Download or read book Engineering A Financial Bloodbath How Sub prime Securitization Destroyed The Legitimacy Of Financial Capitalism written by Justin O'brien and published by World Scientific. This book was released on 2009-07-13 with total page 209 pages. Available in PDF, EPUB and Kindle. Book excerpt: In July 2007, the then chief executive of Citigroup, Charles Prince, captured the hubris of a market dangerously addicted to debt: “When the music stops, in terms of liquidity, things will be complicated. But as long as music is playing, you have got to get up and dance. We're still dancing.” By the end of the year, Mr Prince was forced to resign along with some of the most influential bankers on Wall Street. Global investment houses in the United States and Europe were forced to turn to sovereign wealth funds for emergency funding.
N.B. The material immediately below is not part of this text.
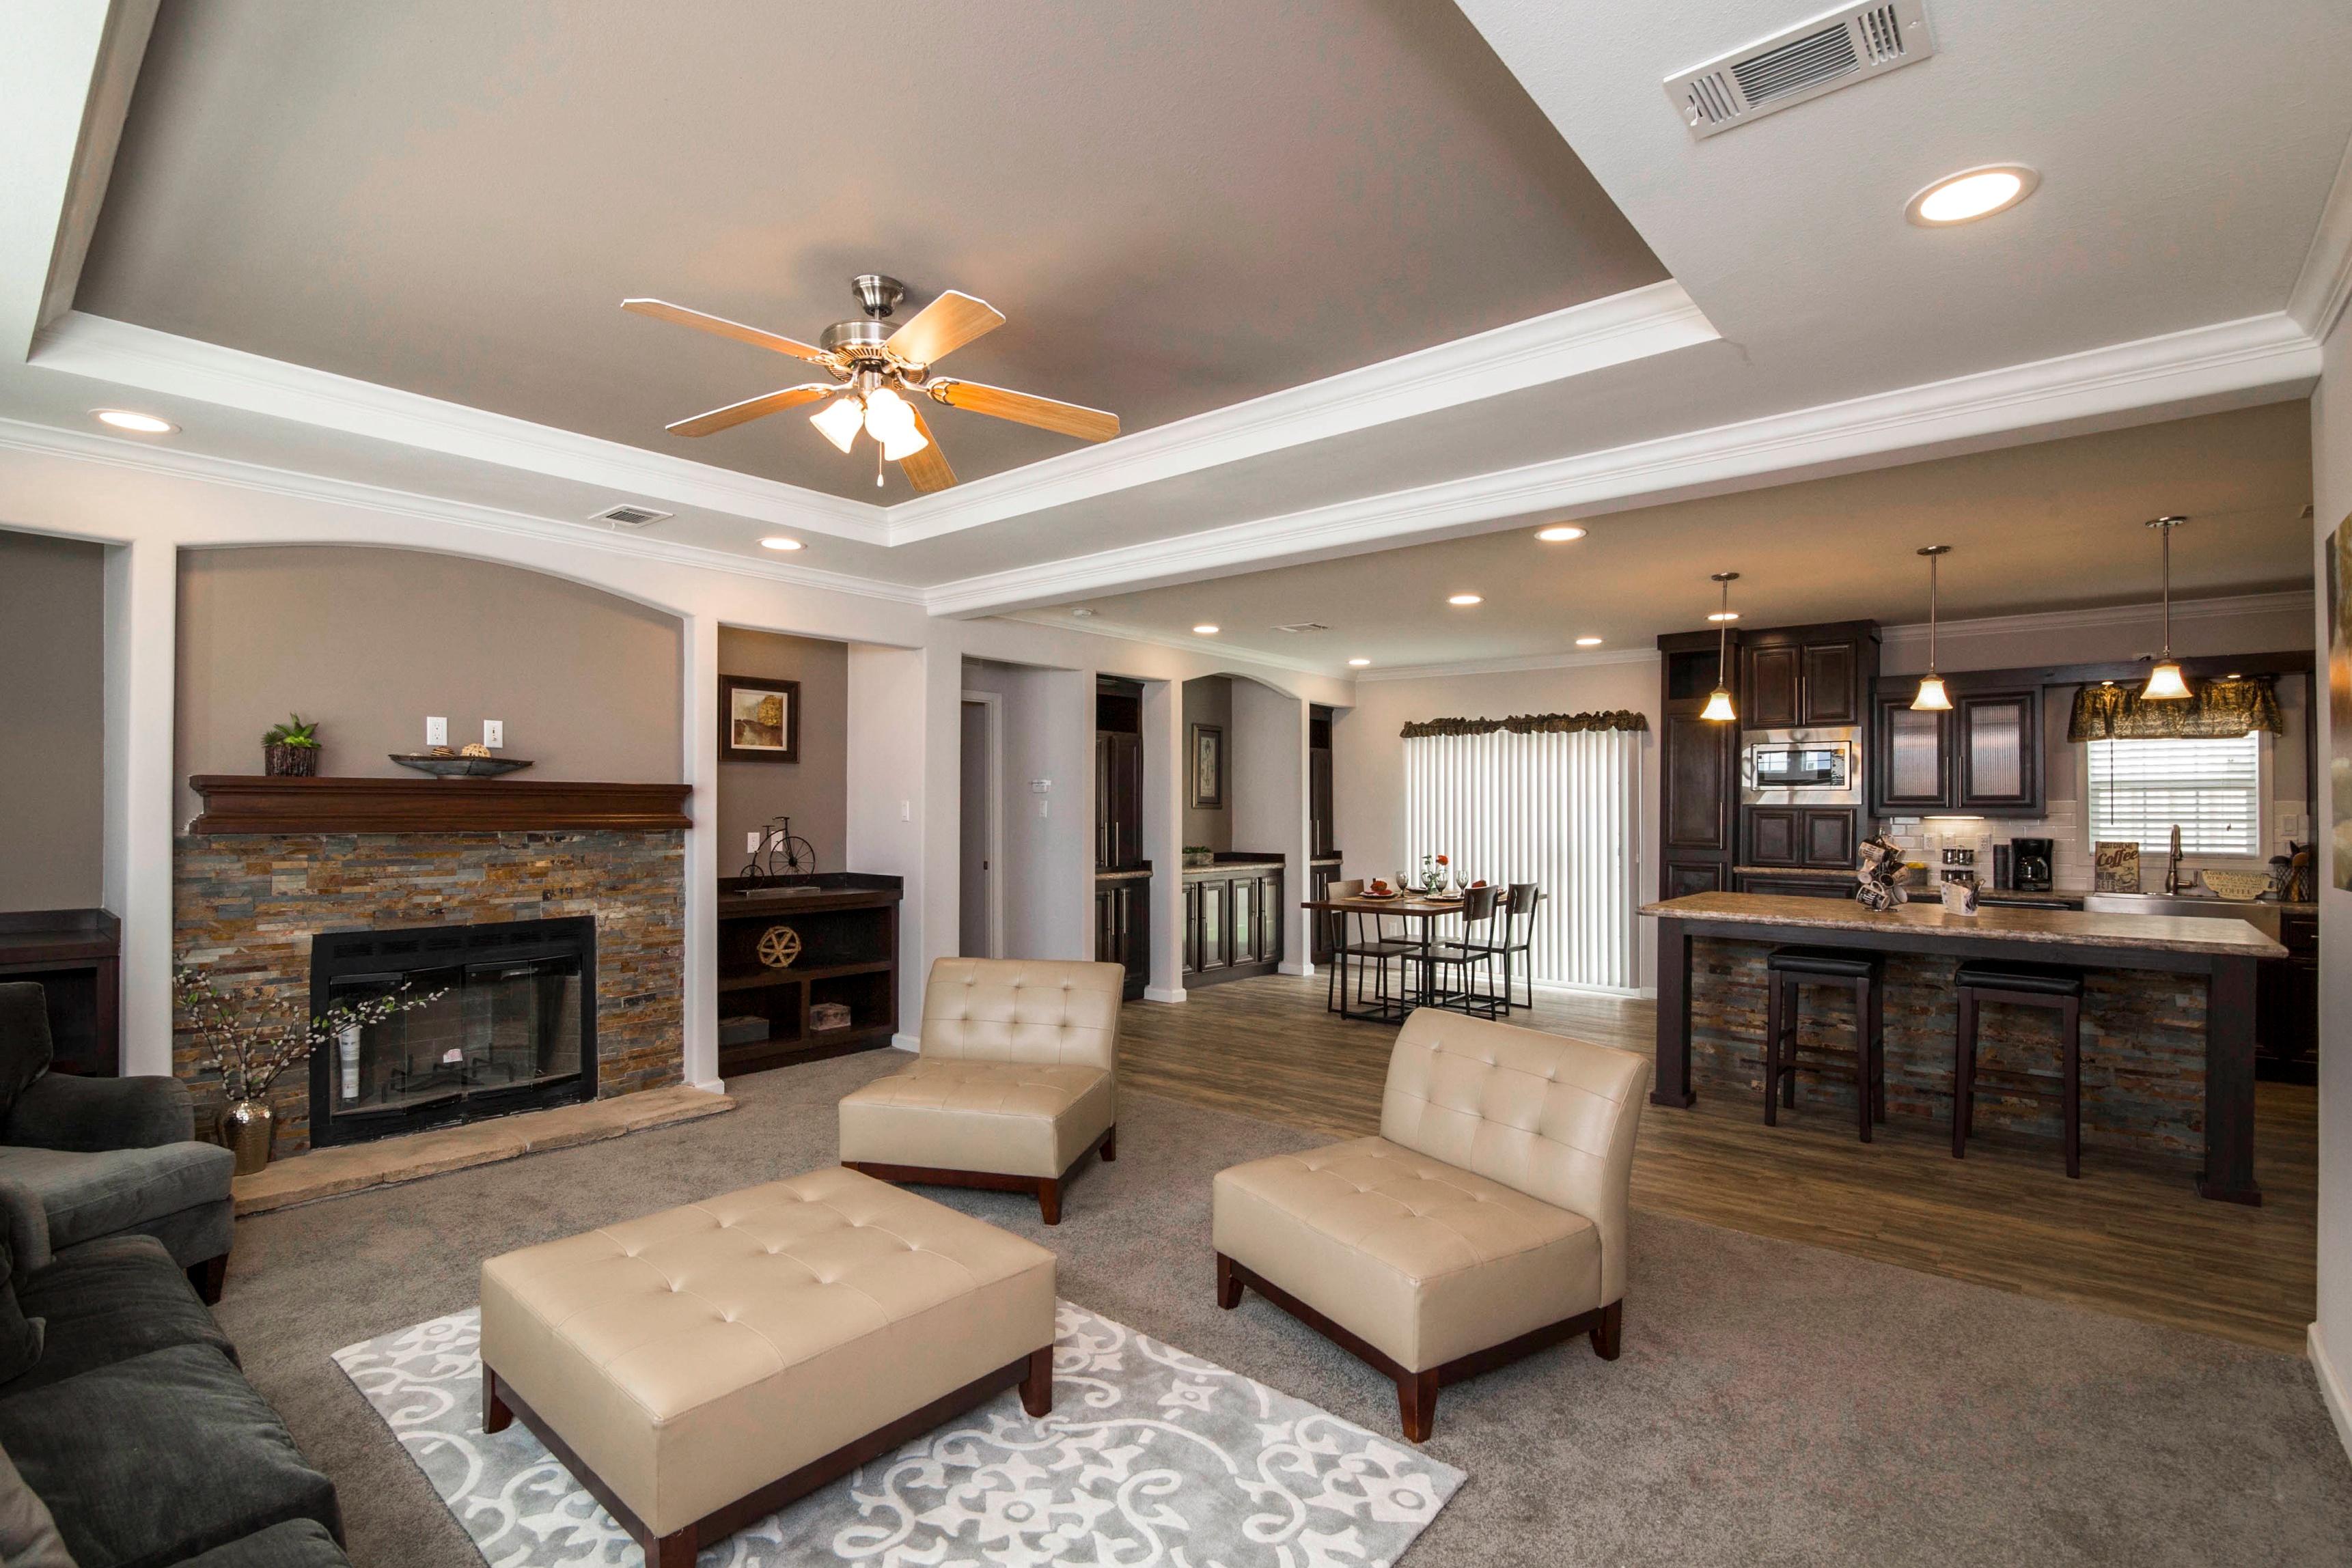 Hillcrest living room 1 copy.jpg

Their rescue comes at a significant material and reputational price.This book investigates the origins and implications of the securitization crisis, described by the chief executive of ANZ as a “financial services bloodbath”. Based on extensive interviews, it offers an integrated series of case studies drawn from the United States, the United Kingdom and Australia. A central purpose is to not only chart what went wrong within the investment houses and why the regulatory systems failed, but also provide policy guidance. The book therefore combines the empirical with the normative. In so doing, it provides a route map to navigate one of the most significant financial and regulatory failures in modern times./a
Download or read book Political Power and Corporate Control written by Peter A. Gourevitch and published by Princeton University Press. This book was released on 2010-06-20 with total page 365 pages. Available in PDF, EPUB and Kindle. Book excerpt: Why does corporate governance--front page news with the collapse of Enron, WorldCom, and Parmalat--vary so dramatically around the world? This book explains how politics shapes corporate governance--how managers, shareholders, and workers jockey for advantage in setting the rules by which companies are run, and for whom they are run. It combines a clear theoretical model on this political interaction, with statistical evidence from thirty-nine countries of Europe, Asia, Africa, and North and South America and detailed narratives of country cases. This book differs sharply from most treatments by explaining differences in minority shareholder protections and ownership concentration among countries in terms of the interaction of economic preferences and political institutions. It explores in particular the crucial role of pension plans and financial intermediaries in shaping political preferences for different rules of corporate governance. The countries examined sort into two distinct groups: diffuse shareholding by external investors who pick a board that monitors the managers, and concentrated blockholding by insiders who monitor managers directly. Examining the political coalitions that form among or across management, owners, and workers, the authors find that certain coalitions encourage policies that promote diffuse shareholding, while other coalitions yield blockholding-oriented policies. Political institutions influence the probability of one coalition defeating another.